## WHAT NEEDS TO BE DONE
Your answer should hold all lines of the entries that include the word "Sandals".
+++ ENTRIES PROVIDED
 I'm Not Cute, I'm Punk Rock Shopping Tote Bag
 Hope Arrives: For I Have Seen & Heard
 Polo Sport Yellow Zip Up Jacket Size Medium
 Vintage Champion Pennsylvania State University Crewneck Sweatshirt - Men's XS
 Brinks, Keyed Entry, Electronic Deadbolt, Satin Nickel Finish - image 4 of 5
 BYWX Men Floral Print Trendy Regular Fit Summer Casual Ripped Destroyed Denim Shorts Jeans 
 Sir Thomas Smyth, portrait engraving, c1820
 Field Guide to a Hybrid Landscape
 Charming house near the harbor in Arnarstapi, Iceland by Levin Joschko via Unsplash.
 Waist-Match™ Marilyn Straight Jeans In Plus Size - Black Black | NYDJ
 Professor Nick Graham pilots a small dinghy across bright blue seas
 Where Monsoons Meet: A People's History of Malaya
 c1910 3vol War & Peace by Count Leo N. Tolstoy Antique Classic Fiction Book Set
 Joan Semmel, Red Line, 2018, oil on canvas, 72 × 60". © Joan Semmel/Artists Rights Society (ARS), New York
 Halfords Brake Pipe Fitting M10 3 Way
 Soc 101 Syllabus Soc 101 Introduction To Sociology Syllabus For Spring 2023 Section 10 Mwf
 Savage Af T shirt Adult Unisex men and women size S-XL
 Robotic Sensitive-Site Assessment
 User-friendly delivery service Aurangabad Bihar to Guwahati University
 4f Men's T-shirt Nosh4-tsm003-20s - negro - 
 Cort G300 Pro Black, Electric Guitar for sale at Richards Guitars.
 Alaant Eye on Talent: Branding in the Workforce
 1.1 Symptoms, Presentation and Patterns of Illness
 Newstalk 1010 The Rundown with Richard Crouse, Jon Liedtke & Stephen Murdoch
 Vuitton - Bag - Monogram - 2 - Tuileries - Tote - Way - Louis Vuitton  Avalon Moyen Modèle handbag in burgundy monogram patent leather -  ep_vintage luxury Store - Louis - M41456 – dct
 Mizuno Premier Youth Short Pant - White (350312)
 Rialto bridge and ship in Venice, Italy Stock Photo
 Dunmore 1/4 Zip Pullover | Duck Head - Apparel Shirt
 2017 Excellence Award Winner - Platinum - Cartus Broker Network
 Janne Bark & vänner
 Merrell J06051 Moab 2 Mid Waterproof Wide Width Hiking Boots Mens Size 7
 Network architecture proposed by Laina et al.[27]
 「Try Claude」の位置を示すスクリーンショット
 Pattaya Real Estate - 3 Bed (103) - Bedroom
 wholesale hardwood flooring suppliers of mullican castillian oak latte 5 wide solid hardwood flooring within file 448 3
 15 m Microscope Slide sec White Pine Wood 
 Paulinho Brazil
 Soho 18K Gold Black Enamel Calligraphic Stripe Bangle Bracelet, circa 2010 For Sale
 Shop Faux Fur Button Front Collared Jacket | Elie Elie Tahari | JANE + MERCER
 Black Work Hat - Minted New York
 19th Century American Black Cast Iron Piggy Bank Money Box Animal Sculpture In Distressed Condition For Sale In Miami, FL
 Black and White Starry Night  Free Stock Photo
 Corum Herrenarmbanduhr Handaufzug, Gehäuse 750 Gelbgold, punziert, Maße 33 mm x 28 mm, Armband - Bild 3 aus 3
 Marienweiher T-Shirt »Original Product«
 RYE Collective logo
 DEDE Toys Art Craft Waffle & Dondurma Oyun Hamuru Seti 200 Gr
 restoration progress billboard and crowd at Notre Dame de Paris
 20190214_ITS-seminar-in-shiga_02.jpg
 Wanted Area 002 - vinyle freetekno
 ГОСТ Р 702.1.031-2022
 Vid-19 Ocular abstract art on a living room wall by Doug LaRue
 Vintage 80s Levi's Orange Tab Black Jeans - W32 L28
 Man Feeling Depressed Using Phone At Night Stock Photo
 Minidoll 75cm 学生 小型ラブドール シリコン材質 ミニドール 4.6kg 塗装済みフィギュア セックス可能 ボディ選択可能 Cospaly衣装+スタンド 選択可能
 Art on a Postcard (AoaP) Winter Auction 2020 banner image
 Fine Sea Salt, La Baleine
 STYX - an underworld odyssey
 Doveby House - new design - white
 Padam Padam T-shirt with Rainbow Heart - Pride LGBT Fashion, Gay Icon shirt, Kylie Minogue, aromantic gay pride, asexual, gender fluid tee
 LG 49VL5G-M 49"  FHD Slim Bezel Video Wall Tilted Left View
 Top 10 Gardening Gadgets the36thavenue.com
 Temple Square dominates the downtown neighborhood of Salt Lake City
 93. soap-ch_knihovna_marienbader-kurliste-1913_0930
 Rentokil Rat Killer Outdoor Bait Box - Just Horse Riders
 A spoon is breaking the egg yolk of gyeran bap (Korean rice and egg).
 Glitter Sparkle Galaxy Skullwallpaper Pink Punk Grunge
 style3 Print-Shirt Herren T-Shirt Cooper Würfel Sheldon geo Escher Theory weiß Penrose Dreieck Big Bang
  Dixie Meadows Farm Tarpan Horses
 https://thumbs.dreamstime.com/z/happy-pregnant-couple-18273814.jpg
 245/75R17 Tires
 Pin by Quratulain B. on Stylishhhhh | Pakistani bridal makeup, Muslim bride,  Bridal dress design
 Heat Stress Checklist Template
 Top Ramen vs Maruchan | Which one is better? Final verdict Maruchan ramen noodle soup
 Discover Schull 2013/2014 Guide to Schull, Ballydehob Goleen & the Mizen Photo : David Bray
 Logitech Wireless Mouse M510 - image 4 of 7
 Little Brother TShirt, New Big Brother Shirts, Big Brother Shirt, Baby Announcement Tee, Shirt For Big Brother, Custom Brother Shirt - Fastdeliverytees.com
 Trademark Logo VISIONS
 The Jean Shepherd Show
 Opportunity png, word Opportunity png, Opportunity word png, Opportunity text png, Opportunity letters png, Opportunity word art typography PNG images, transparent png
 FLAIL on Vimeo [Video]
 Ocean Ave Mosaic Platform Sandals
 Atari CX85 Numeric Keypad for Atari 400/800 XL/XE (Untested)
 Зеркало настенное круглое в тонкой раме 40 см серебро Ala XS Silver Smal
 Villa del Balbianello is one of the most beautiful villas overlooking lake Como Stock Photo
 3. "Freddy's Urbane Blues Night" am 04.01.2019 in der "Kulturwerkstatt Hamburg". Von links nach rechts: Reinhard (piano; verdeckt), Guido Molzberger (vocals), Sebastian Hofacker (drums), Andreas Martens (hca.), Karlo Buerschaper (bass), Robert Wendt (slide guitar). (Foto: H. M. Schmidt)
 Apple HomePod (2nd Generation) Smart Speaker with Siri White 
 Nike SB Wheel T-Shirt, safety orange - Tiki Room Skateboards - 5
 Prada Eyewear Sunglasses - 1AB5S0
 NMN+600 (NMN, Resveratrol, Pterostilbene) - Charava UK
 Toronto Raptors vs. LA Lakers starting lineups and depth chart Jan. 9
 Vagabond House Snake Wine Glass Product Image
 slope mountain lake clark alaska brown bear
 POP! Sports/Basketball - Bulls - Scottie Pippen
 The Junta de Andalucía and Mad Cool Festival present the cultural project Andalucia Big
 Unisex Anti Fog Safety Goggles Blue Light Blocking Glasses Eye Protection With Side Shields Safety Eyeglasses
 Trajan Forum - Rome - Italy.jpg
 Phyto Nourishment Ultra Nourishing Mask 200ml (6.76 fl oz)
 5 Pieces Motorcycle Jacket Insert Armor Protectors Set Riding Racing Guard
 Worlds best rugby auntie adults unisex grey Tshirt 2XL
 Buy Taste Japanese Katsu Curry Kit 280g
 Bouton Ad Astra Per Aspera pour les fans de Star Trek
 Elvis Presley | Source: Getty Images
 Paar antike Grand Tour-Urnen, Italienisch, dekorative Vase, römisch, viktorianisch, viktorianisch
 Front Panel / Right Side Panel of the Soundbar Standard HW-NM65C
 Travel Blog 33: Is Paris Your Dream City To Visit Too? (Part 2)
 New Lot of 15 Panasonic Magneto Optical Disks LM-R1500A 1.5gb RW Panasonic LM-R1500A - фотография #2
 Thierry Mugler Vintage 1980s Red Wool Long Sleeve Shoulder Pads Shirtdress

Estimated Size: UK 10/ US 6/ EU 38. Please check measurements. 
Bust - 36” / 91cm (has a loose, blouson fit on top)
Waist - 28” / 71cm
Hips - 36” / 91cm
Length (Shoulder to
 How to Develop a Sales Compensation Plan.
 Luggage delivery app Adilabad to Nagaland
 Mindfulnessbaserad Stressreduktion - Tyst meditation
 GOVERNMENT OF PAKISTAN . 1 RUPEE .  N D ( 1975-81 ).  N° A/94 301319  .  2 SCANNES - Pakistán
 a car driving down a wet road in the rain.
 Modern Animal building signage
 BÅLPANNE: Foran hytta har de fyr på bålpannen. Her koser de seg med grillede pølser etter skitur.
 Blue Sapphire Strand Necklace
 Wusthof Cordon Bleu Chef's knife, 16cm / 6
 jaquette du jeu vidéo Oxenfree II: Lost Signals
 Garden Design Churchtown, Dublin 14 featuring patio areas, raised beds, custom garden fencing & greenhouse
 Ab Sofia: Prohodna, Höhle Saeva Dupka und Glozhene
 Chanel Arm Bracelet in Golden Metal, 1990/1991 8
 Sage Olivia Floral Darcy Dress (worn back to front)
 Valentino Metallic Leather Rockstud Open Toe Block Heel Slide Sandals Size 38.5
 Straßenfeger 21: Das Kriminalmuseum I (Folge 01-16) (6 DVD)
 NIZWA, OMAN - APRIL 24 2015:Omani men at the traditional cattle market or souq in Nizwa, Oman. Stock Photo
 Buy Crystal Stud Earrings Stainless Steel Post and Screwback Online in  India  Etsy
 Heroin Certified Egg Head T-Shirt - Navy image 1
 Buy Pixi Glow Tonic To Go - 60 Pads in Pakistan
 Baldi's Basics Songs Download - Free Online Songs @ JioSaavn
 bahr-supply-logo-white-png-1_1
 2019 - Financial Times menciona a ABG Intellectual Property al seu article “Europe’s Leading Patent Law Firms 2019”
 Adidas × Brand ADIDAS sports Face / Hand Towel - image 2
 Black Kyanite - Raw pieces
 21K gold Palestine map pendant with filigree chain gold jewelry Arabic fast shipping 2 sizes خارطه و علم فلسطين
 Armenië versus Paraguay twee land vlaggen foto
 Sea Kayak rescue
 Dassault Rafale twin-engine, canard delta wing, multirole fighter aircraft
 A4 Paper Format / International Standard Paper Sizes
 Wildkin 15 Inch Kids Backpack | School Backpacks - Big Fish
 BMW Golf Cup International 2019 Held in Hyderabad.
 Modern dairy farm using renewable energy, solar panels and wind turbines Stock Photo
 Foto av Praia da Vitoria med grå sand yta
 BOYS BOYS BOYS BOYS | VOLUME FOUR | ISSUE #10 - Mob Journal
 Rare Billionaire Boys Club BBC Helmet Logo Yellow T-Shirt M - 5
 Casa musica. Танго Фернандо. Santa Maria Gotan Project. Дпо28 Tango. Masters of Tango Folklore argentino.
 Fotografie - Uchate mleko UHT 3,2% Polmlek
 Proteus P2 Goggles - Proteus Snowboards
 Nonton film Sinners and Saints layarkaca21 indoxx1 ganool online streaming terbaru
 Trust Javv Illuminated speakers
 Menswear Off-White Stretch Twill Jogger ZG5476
++++++
## EXERCISE OUTPUT
 Ocean Ave Mosaic Platform Sandals
 Valentino Metallic Leather Rockstud Open Toe Block Heel Slide Sandals Size 38.5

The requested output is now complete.